Other course pressures have prevented me from repeating the class, but I intend to. Next time I would add quality online sources, an addition that accommodates emerging student patterns and also provides fuller access to topics related to world religions. Yet I still would plan to have the other sources supplement the regular reading of a single, selected magazine subscription in print, providing continuity and a helpful starting point.

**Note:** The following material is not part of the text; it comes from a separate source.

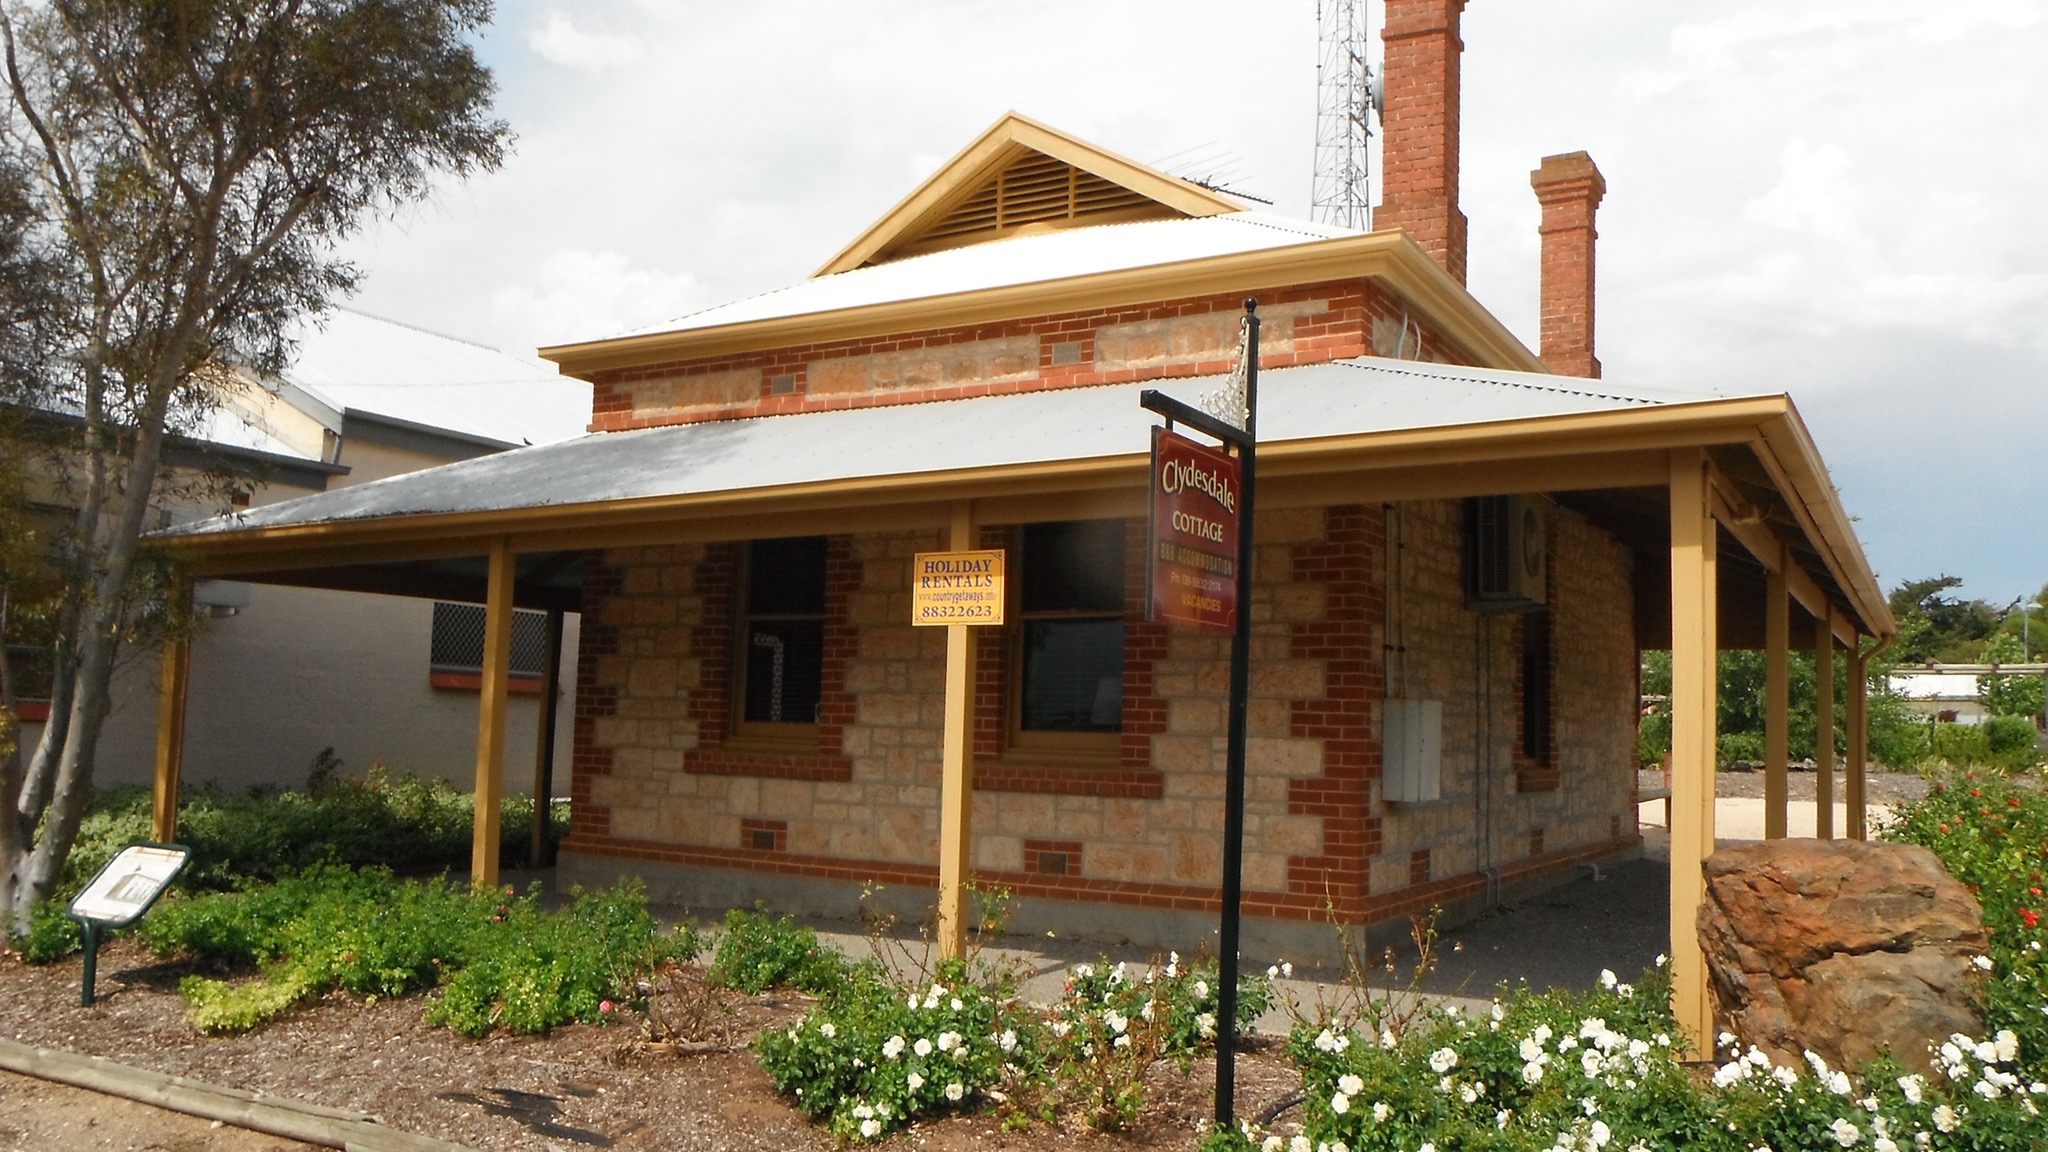 Clydesdale Cottage Bed & Breakfast - Nambucca Heads Accommodation 0

My experience as a teacher includes repeated reminders that I assume too much. I use jargon that has become second nature to me, not realizing that I am leaving many class members confused. I assume that all entering college students already are capable of abstract thought, but studies remind me that it is a skill that still must be developed in almost half of our new students. I would argue that awareness of news or current events is another example to add to the list. I cannot assume that my average student listened to "Morning Edition" on NATIONAL PUBLIC RADIO this morning or read a newspaper in the past couple of days. Whatever I can do to spark an interest in news will serve religious studies by providing examples and connections for our students, as well as serving the general well-being of our society through educated and aware citizens.
Bruce David Forbes is professor of religious studies at Morningside College and coeditor of RELIGION AND POPULAR CULTURE IN AMERICA (University of California Press, 2005).